Broadly speaking, in the results section, everything you have done so far needs to be presented.  This can include any of the following: ​

  • Number of studies screened, assessed for eligibility and included in the review, with reasons for exclusion at each stage. This may mean you need to:
    • briefly mention the databases used for the searching
    • identify the number of hits
    • show how the articles were selected by title, abstract, table of contents or other procedures. 
  • Overview of the kinds of studies selected for the review i.e. the types of methodologies or study designs used.
  • Basic characteristics of the included studies. This may involve discussing: 
    • where the trials were conducted
    • treatment duration
    • details about participants
    • similarities and differences in the way data was measured
    • similar or different approaches to the same treatment or condition 
  • Risk of bias across studies 
  • Results of individual studies. This can include:
    • the kinds of relationships or associations demonstrated by the studies
    • frequency of positive or adverse effects of a particular treatment or drug
    • the number of studies that found a positive correlation between two phenomena or found a causal relationship between two variables

Often, researchers will include tables in the Results section or Appendix to provide on overview of data found in the studies. Remember, tables in the Results section need to be explained fully.

Discussion and conclusion

A primary function of your discussion and conclusion is to help readers understand the main findings and implications of the review.

The following elements are commonly found in the discussion and conclusion sections. Note that the points listed are neither mandatory nor in any prescribed order.   


  • Summary of main findings
  • Interpretation of main findings (don’t repeat results)
  • Strengths and weaknesses
  • Comparison with previous review findings or general literature
  • The degree to which the review answers the research question
  • Whether the hypothesis was confirmed
  • Limitations (e.g. biases, lack of methodological rigour or weak evidence in the articles)
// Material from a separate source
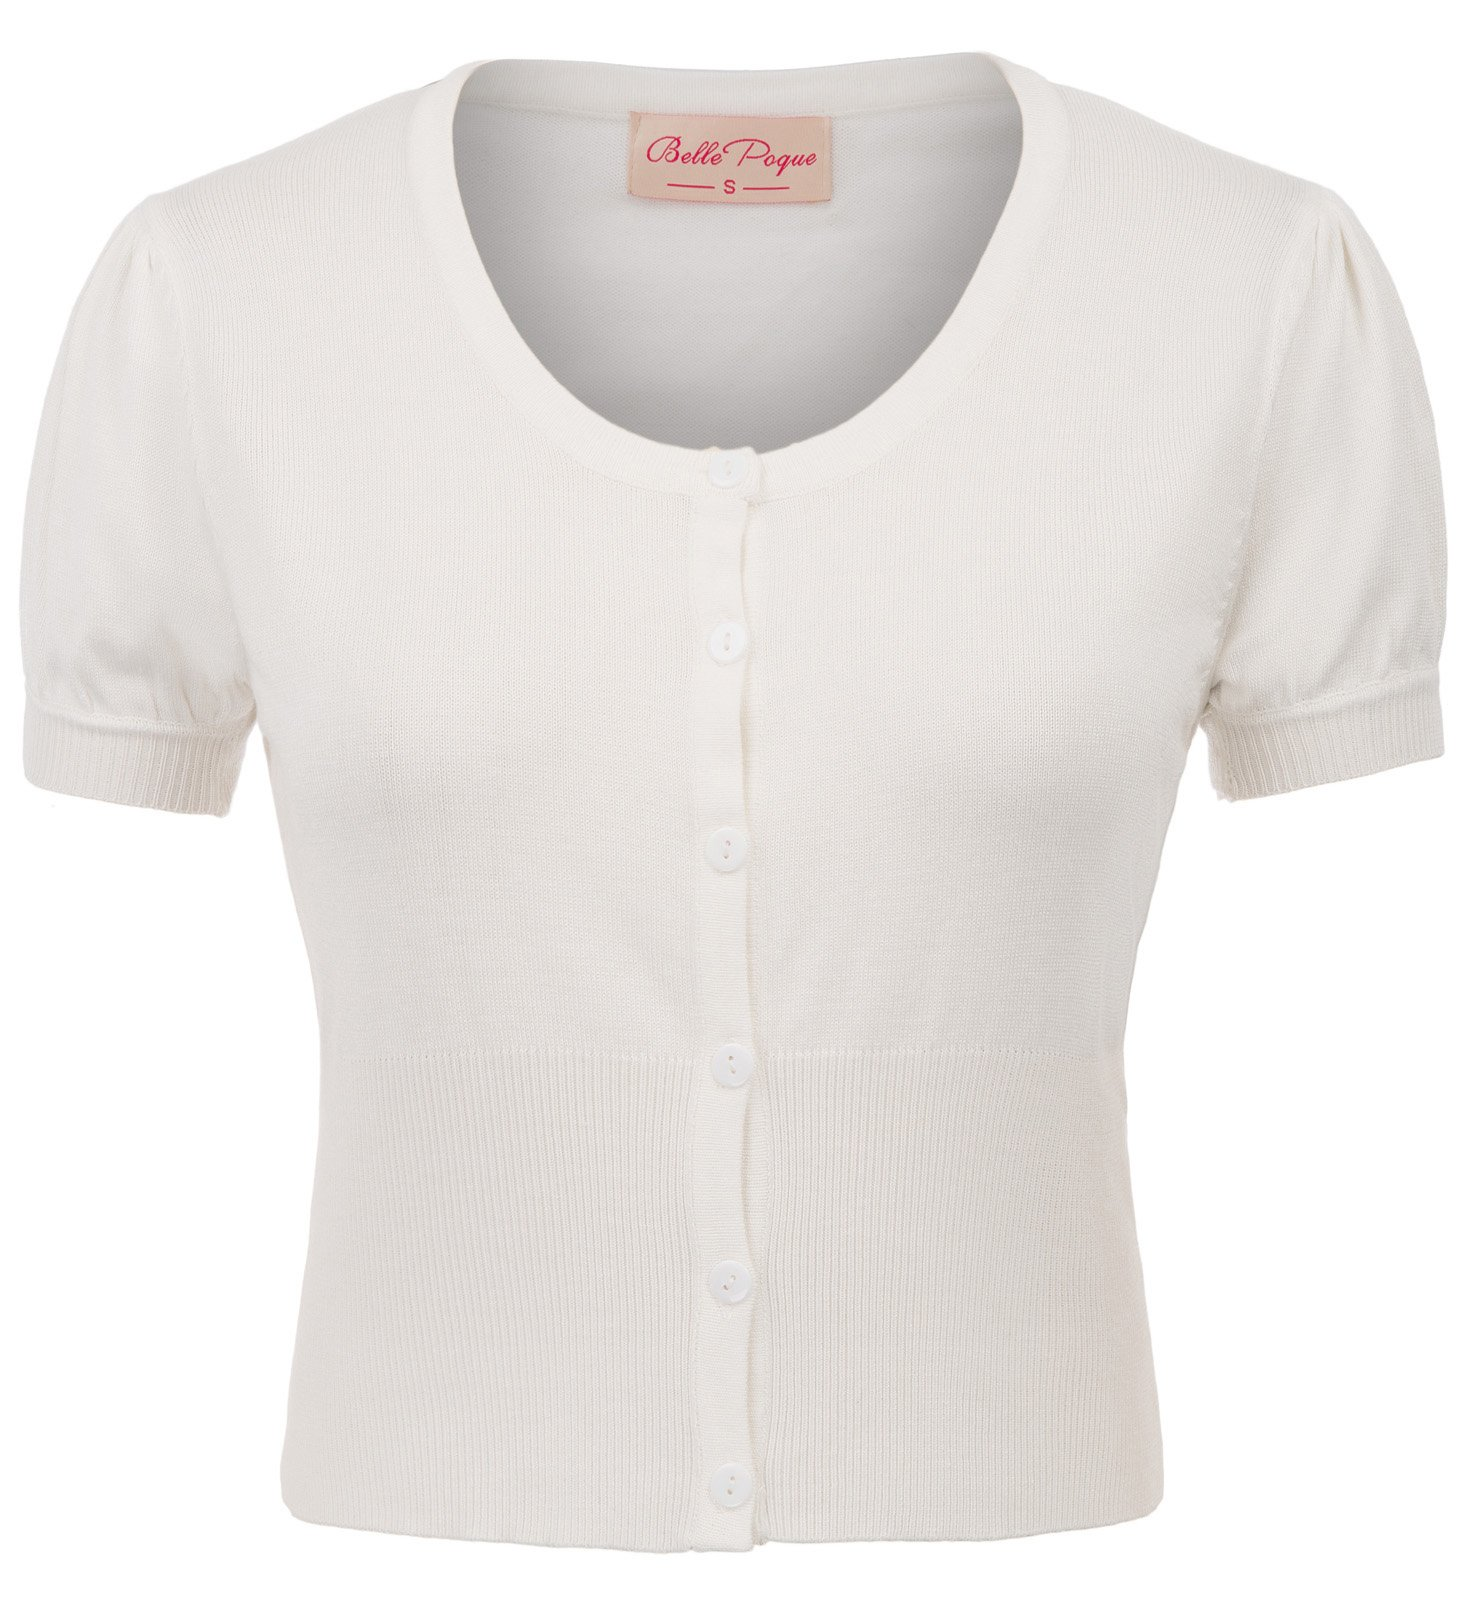 Womens Button Down Cardigan Short Sleeve Bolero Sweater M BP707-2

  • Summary of how it answers the research question (the ‘take home’ message)
  • Significance of the findings
  • Reminder of the limitations
  • Implications and recommendations for further research.

Separate or combined?

A key difference between a discussion and a conclusion relates to how specific or general the observations are. A discussion closely interprets results in the context of the review. A conclusion identifies the significance and the implications beyond the review. Some reviews present these as separately headed sections. Many reviews, however, present only one section using a combination of elements. This section may be headed either Discussion or Conclusion.